Nutritional Services for Clermont Families

At Urban Health, our medical team believes that good health starts with good nutrition. So much so that Dr. G (our medical director) decided that access to good nutritional advice needed to start right here, in your patient-centered medical home.

Urban Health is the only primary care office in Central Florida with a primary care dietitian nutritionist on staff as part of our provider team.

Our dietitian, Wendimere Reilly, RDN LDN graduated from Florida State University and worked in both the hospital and long-term care setting prior to joining the team at Urban Health. She is well known to the Clermont community as she was the founding owner of one of the area’s first natural health stores.

Wendimere’s approach is to help people make small, realistic changes that can lead to a lifetime of better health. Her good nature and genuine desire to help people feel better make going to see the dietitian a positive experience.

Does insurance cover nutritional services?

Certain services are covered by insurance, including care for diabetes, chronic kidney disease, and other chronic health concerns. Our dietitian is accepting new patients and is credentialed with Medicare, Aetna and some United Healthcare plans. Call your insurance to find out if you have eligible benefits and the number of visits covered. Affordable, self-pay options are available for those without insurance coverage. While our dietitian is available to see patients that are not part of our primary care practice, please note that our Medically Supervised Weight Loss program is only available to Urban Health patients.

A healthy diet can help you lose weight or maintain your desired weight.

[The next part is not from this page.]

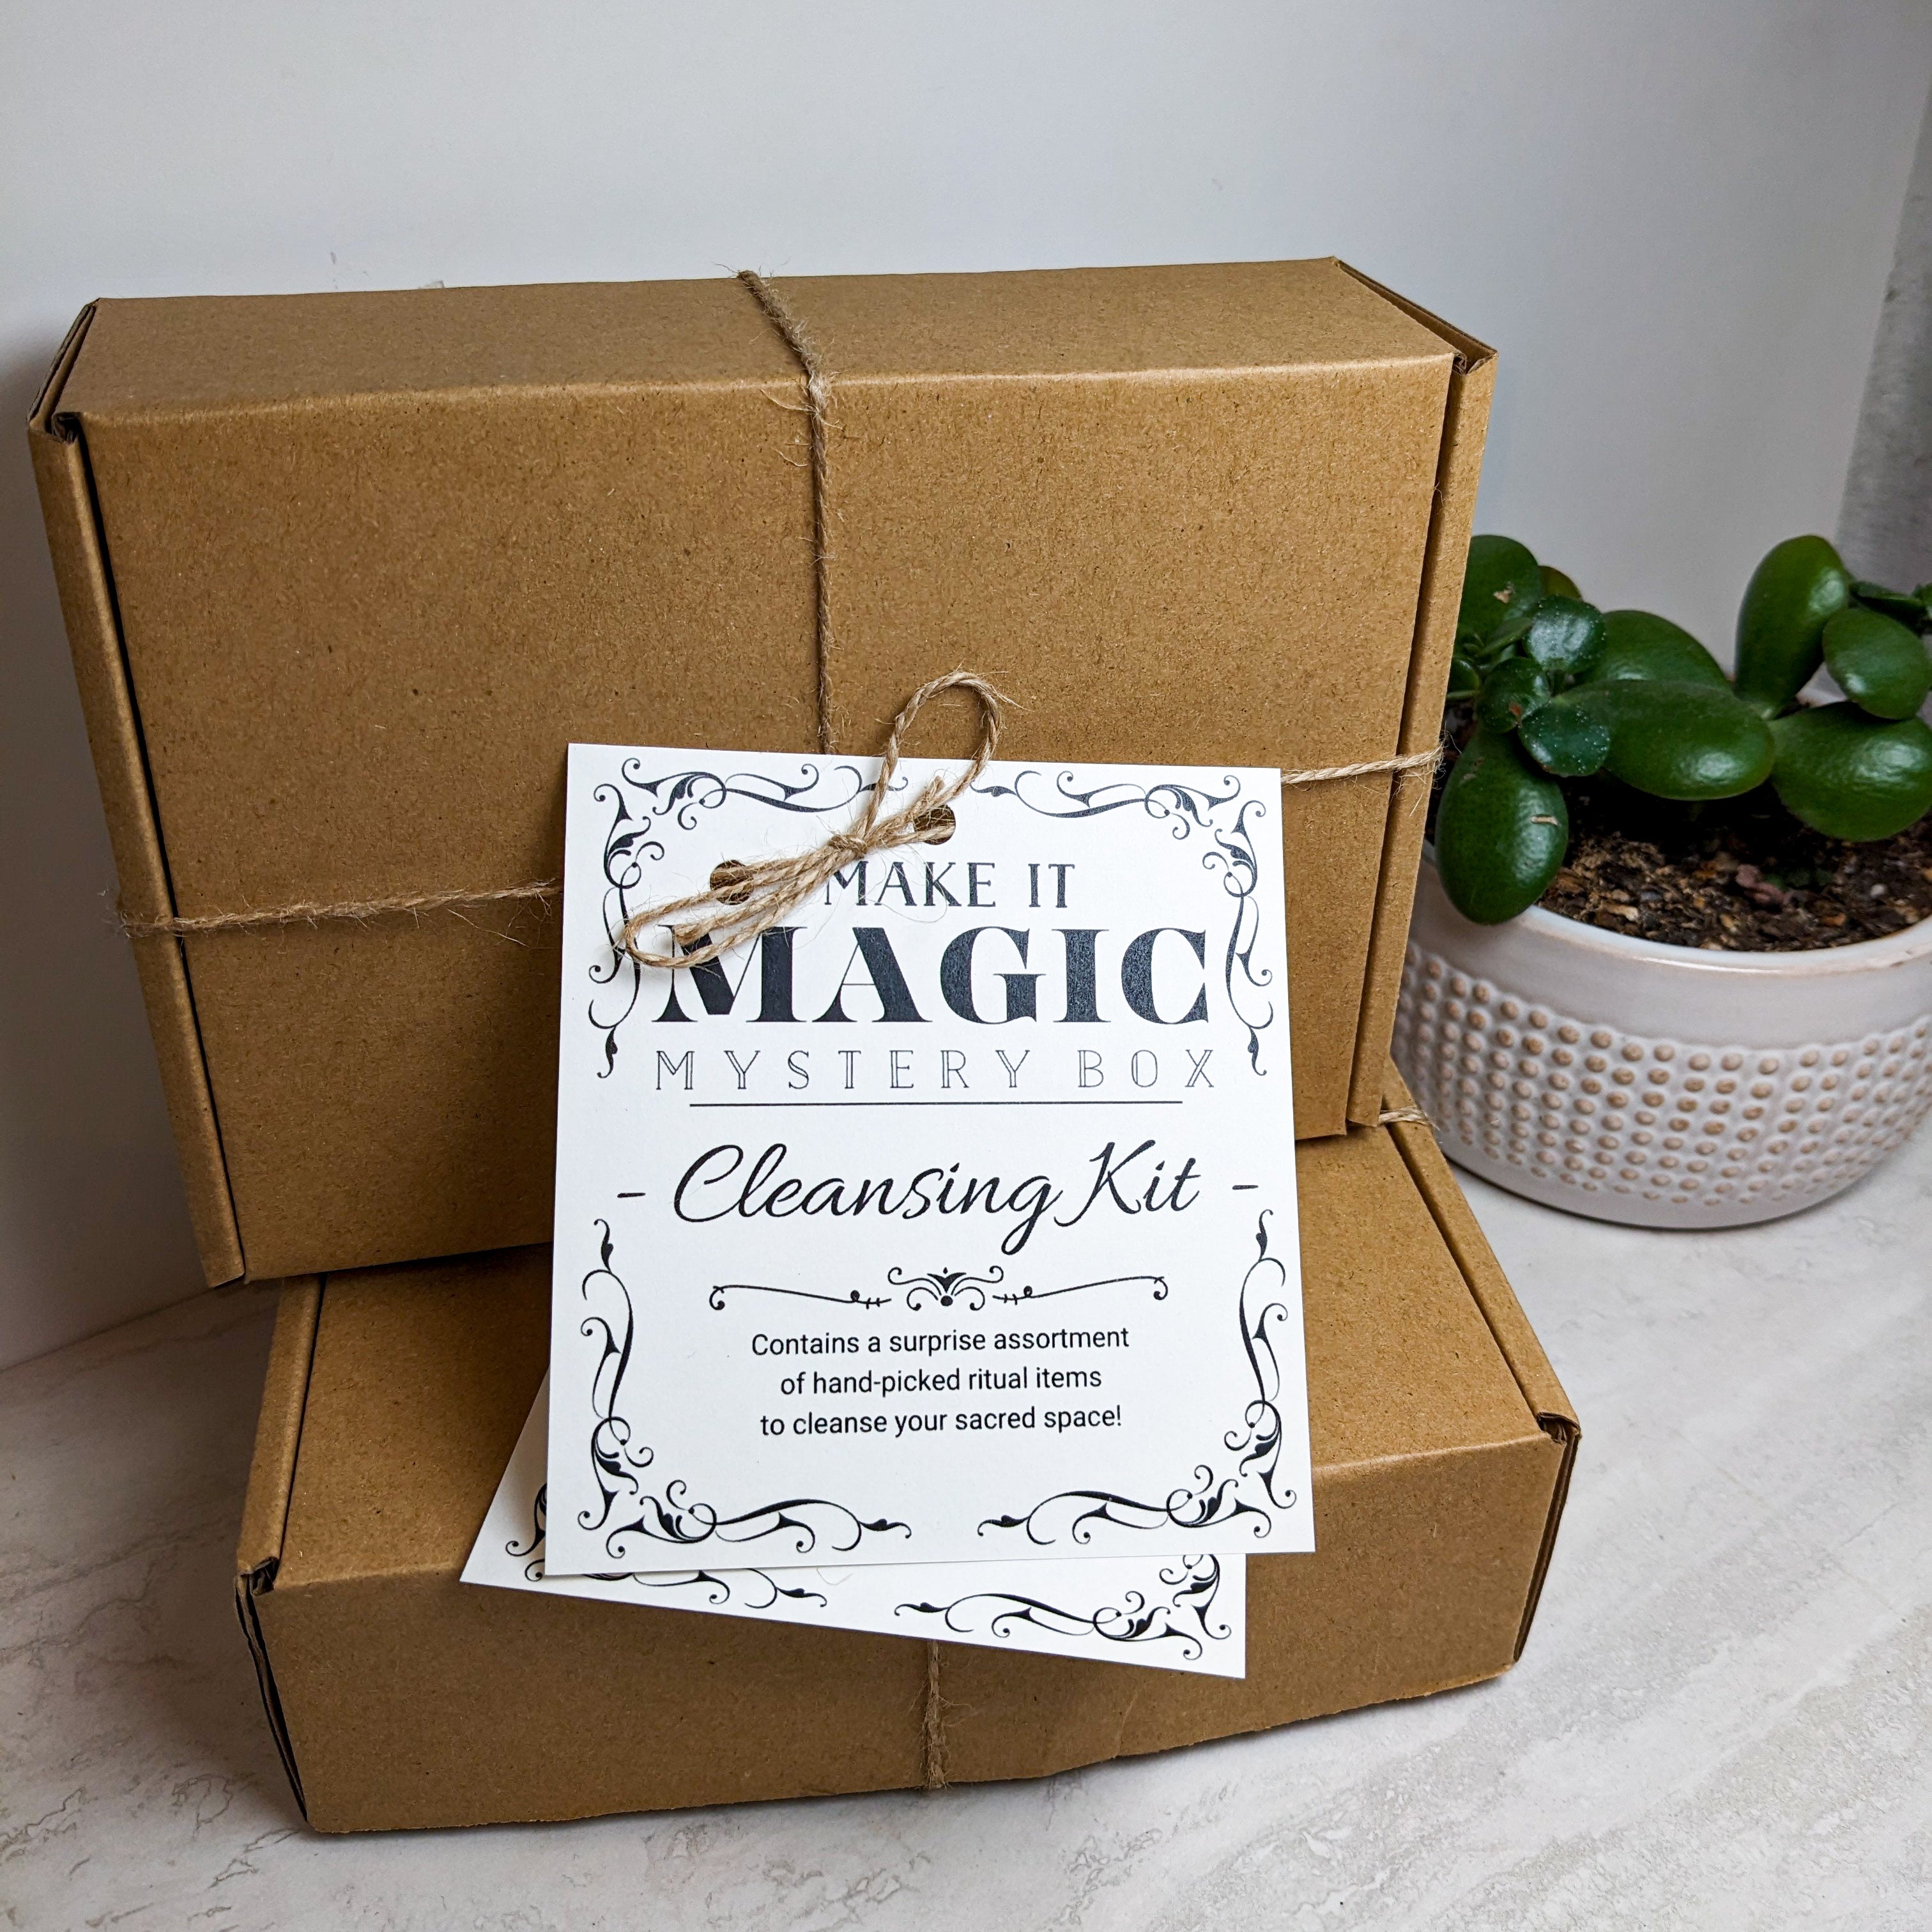 Make it Magic Mystery Box - Cleansing Kit

It also can lower your cholesterol, improve your energy, and prevent certain health conditions. Most of all, it can help you to just feel better in general and who wouldn’t want that?

A Balanced Diet Matters to your Health and Well-being

Choose foods from all five food groups for a balanced daily diet.

Grains: Choose products that list whole grains as the first ingredient, such as whole-grain bread or whole-wheat flour. Whole grains are low in fat and high in fiber. Containing complex carbohydrates, they help you feel satisfied and prevent overeating.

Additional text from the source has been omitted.